Unleashing the Potential of SAM for Medical Adaptation via Hierarchical Decoding
Table of Contents
Overview
Paper: Cheng et al., Unleashing the Potential of SAM for Medical Adaptation via Hierarchical Decoding (cvpr2024 open access or arxiv).
(Figures and tables in this post are from the original paper)
Novelties of the Paper
- They proposed a new paradigm called “knowledge decomposition” (KD), which breaks down a medical foundation model into multiple “lightweight experts” to reduce computational costs and improve its expertise.

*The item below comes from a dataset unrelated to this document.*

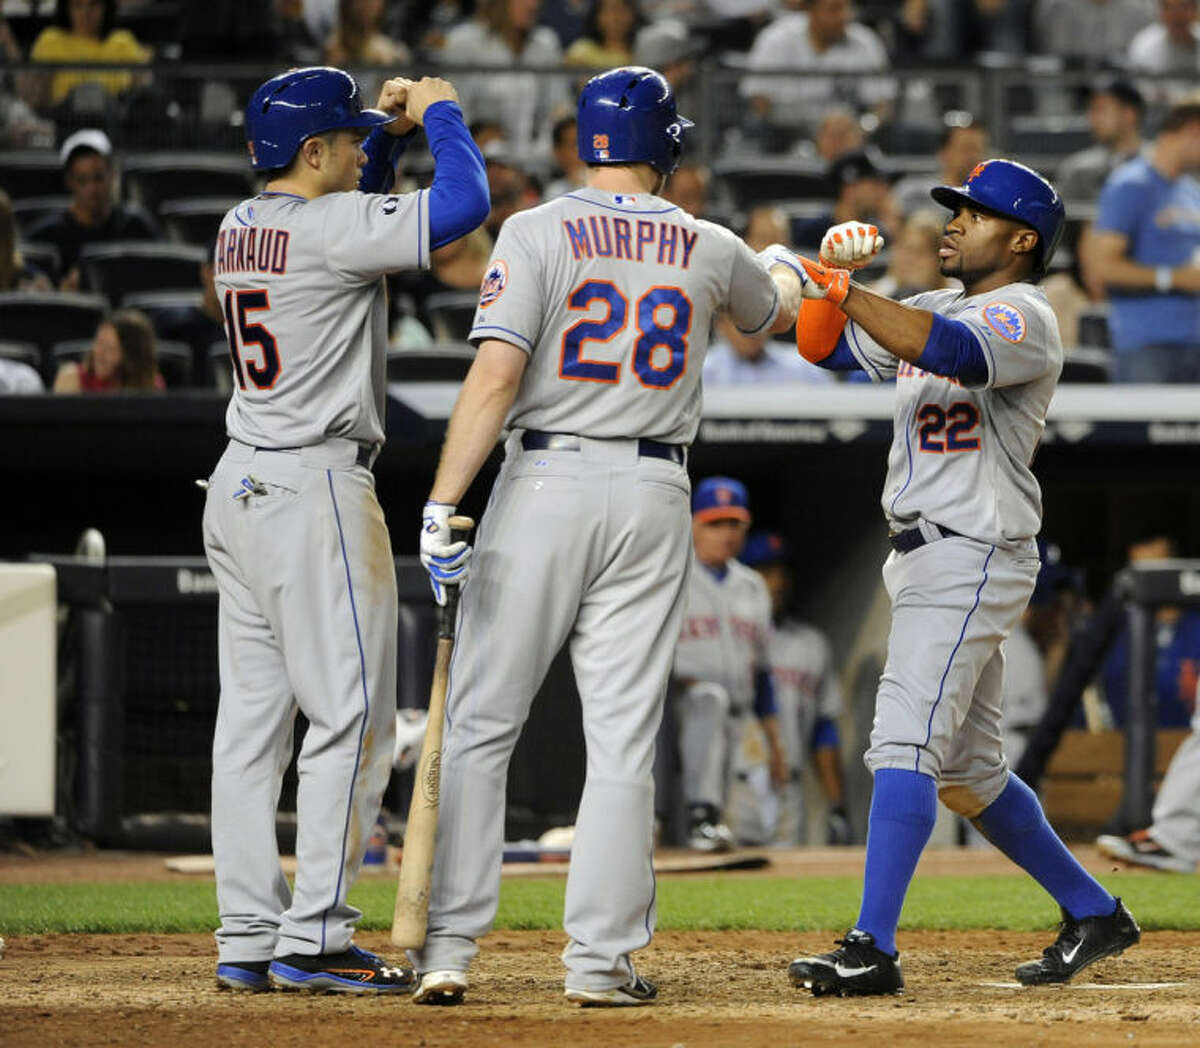 Mets hit 4 HRs, rally twice to beat Yankees 9-7

- To achieve kowledge decomposition, they also proposed a low-rank knowledge decomposition (LoRKD) framework inspired by low-rank adaptiation (LoRA) techniques.
- Efficient knowledge separation convolution (EKS Conv.) is one of the important methods in LoRKD, which reduces computational complexity by adding the one-hot vector, represeting which task the input belongs, to the convolution.
- A task knowledge transfer loss is an another key component of LoRKD to transfer knowledge of the foundation model to each lightweight expert model.
- Deployment of knowledge expert knowledge can be performed by adding and subtracting parameters.
Performance Evaluation Methods
- They used three dataset: Redimagenet, MedMist and Med-MT.
- They applied ResNet50 and ShuffleNetV2 for pre-trained models and lightweight expert models respectively.
- LoRKD was compared to some methods including baseline, single-task learning (STL), multi-task learning (MTL), STL-KD, MTL-KD, MoC-MTL, Aligned-MTL and KF.
Discussions
- The lightweight expert models of LoRKD performed better than or equal to the others on most downstream tasks, even with fewer number of parameters.